その中に、非root ユーザの権限で upnpd を動作させるための設定項目があります。
それが UPNPD_USER です。 では、実際に試してみましょう。
まず、非root なユーザとグループを作成します。 # groupadd -g 254 igd # useradd -u 254 -g 254 -d /etc/linuxigd -s /bin/false igd
ただ、upnpd を動作させるには、各所で root の権限が必要になります。
今回は、細かい説明を省きまして、設定方法だけを簡単にご紹介します。
ケーパビリティの設定には setcap コマンド、参照には getcap コマンドを使用します。
これらは libcap2-bin パッケージにありますので、
もしなければ、インストールしておいてください。
で、upnpdの所有者を igd にして、igd だけが実行できるようにします。 # chown igd.igd /usr/sbin/upnpd # chmod go-rwx /usr/sbin/upnpd # setcap cap_net_admin,cap_net_raw=ep /usr/sbin/upnpd # getcap /usr/sbin/upnpd /usr/sbin/upnpd = cap_net_admin,cap_net_raw+ep 最後の getcap コマンドは、設定の確認のために実行しているだけです。

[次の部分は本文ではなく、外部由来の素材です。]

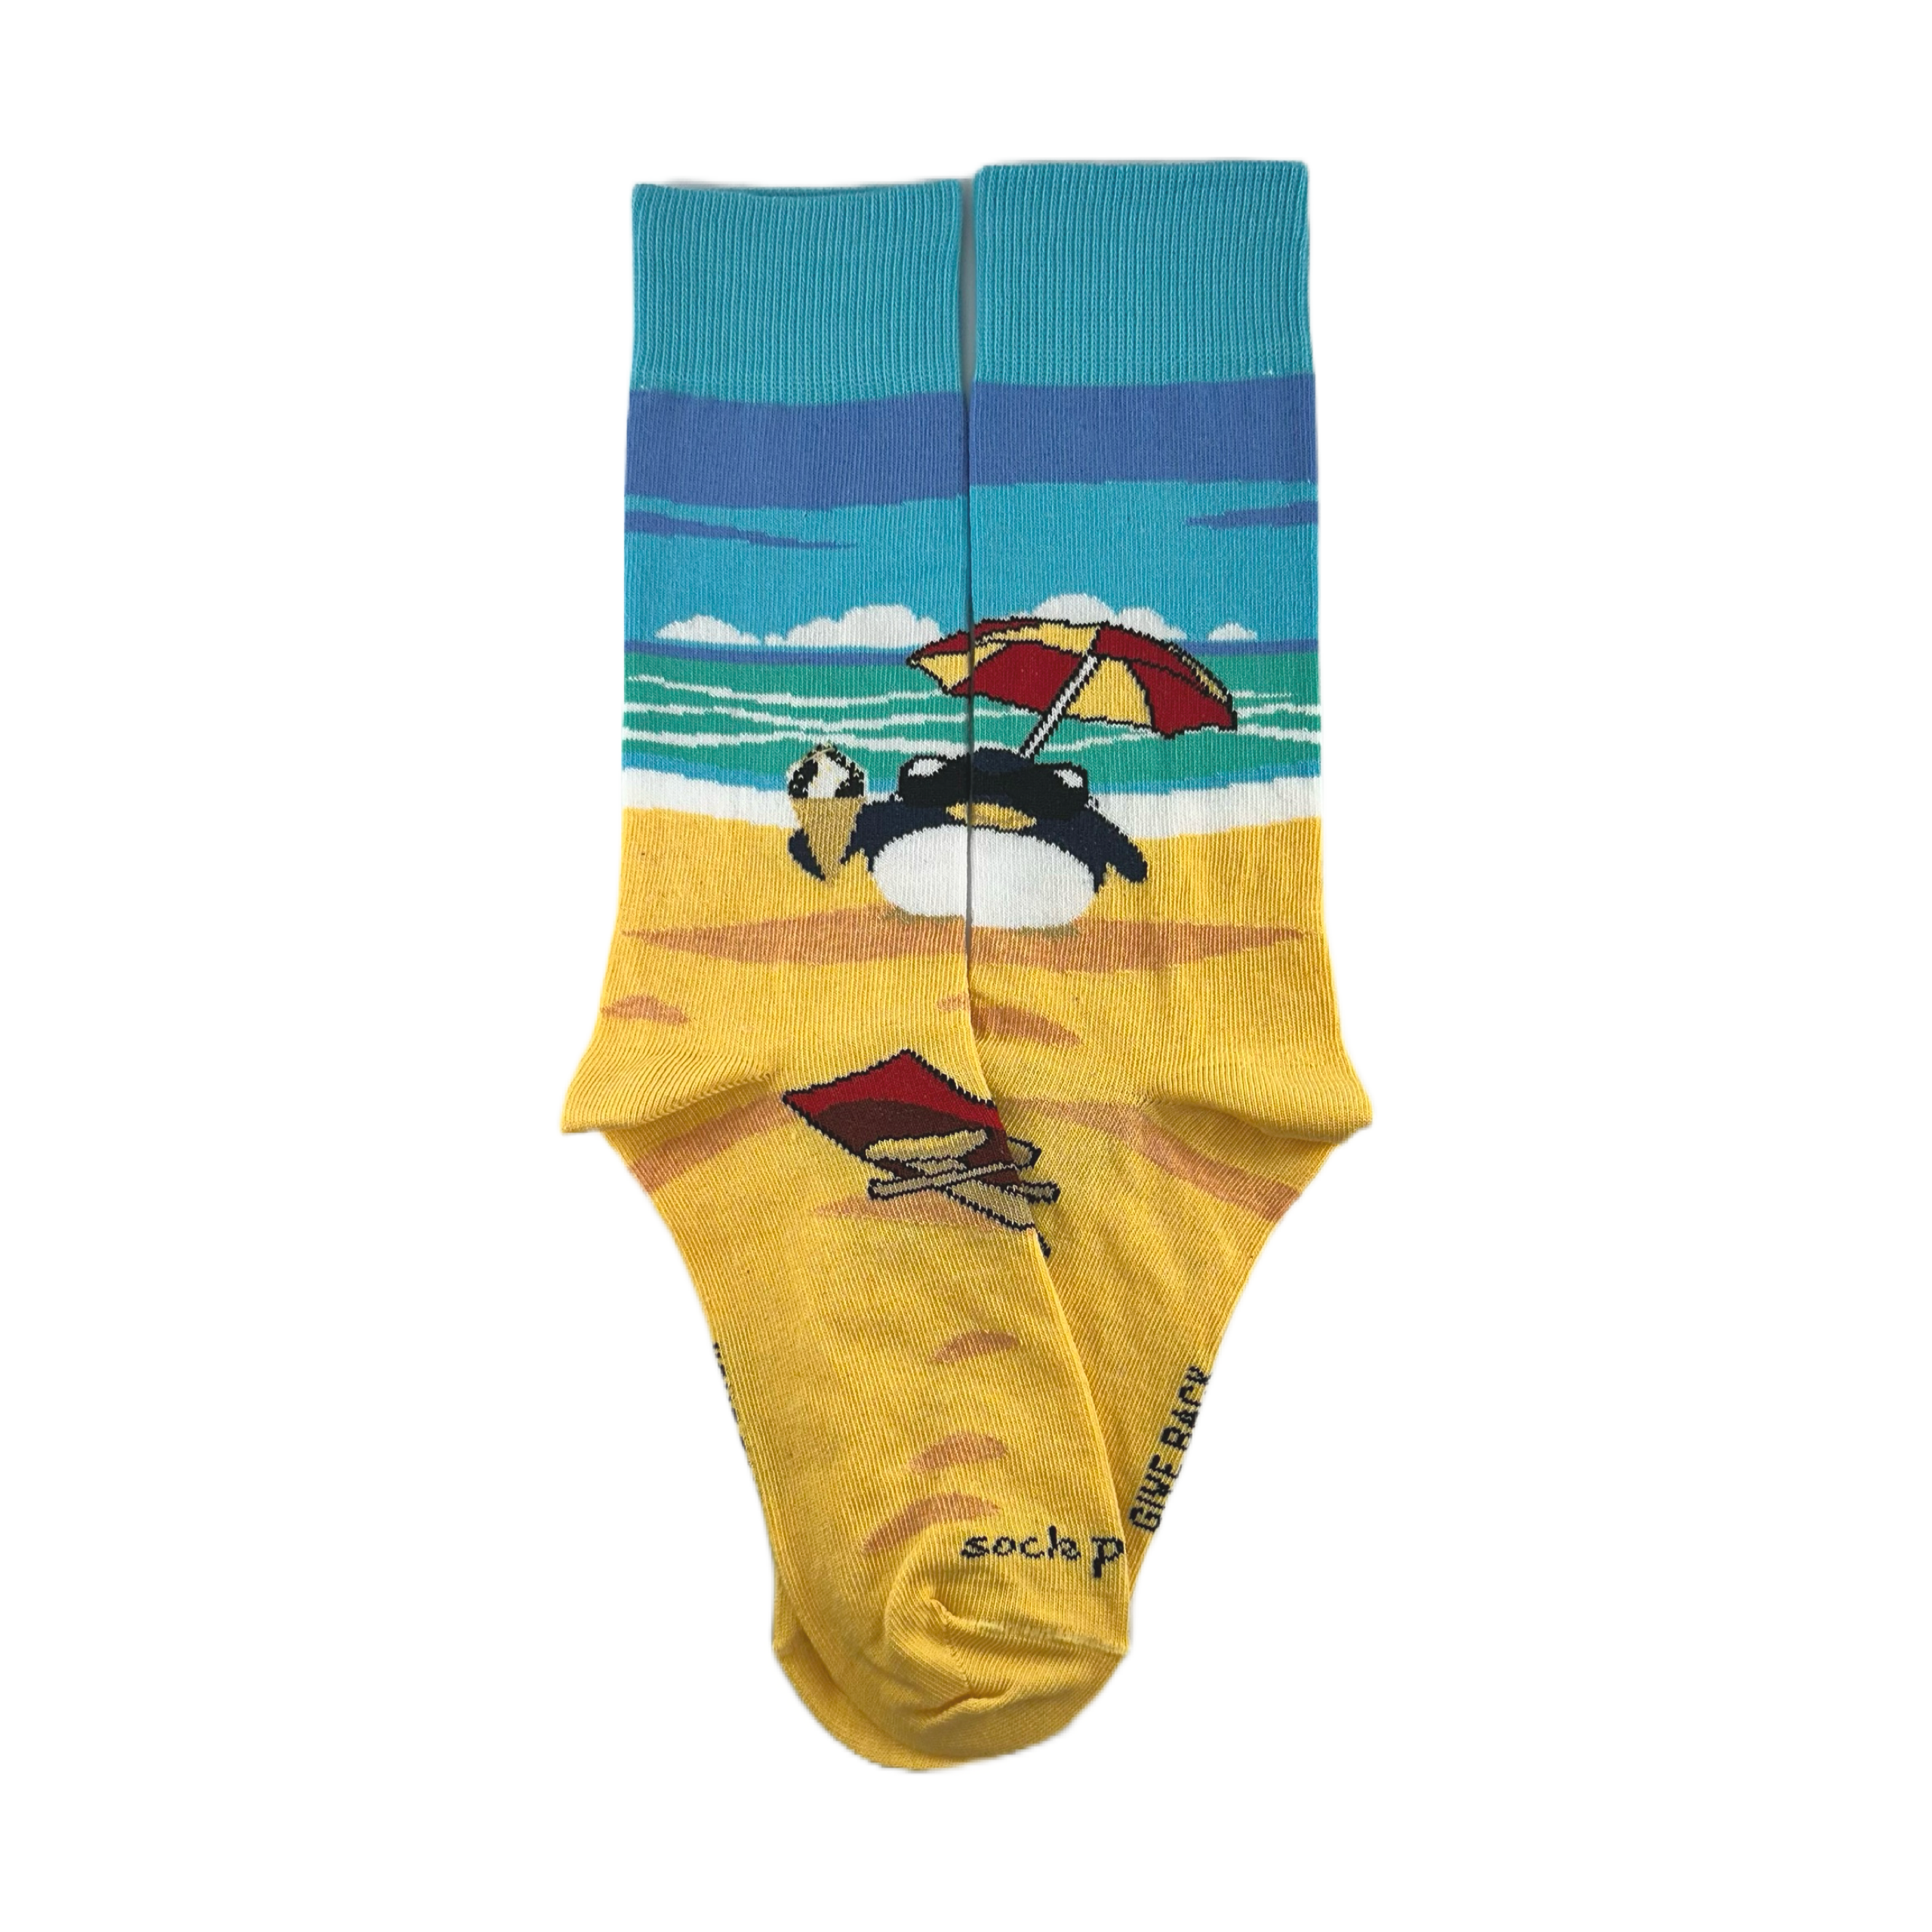 Beach Penguin Socks from the Sock Panda (Adult Medium)

また、upnpd は iptables コマンドを実行しますが、
iptables コマンドの実行にも root 権限が必要です。 # cp -p `which iptables` /etc/linuxigd/iptables # chown igd.igd /etc/linuxigd/iptables # chmod go-rwx /etc/linuxigd/iptables # setcap cap_net_admin,cap_net_raw=ep /etc/linuxigd/iptables # getcap /etc/linuxigd/iptables /etc/linuxigd/iptables = cap_net_admin,cap_net_raw+ep そして、upnpd が上記の iptables を呼び出すよう、 /etc/upnpd.conf の以下の行を書き換えます。 iptables_location = "/sbin/iptables" を以下に変更 iptables_location = "/etc/linuxigd/iptables" そして、upnpd を起動(再起動)すると、igd ユーザの権限で走行するようになります。 # /etc/init.d/linux-igd start (再起動の場合は restart)
他にも、chroot して起動させる設定項目などがありますが、
今回は確認しているヒマがありませんでした。すみません。 おわりに以上、Linux をUPnP対応ルータに仕立て上げる方法を、ご紹介しました。 まあ、実際問題として、UPnP を会社に導入するのは、 あまり許されないことのように思います。
ここは、Linux でもそんなことができるんだ、というくらいの気持ちで、
さらっと読んでいただければと思います。 宿題の答え前回の宿題は、 UPnP でやりとりするパケットを眺めましょう。 でした。 IPアドレスが 192.168.1.211 の PC で gupnp-universal-cp を起動し、 IPアドレスが 192.168.1.254 のルータとやりとりするところを、 tcpdumpコマンドで取得してみました。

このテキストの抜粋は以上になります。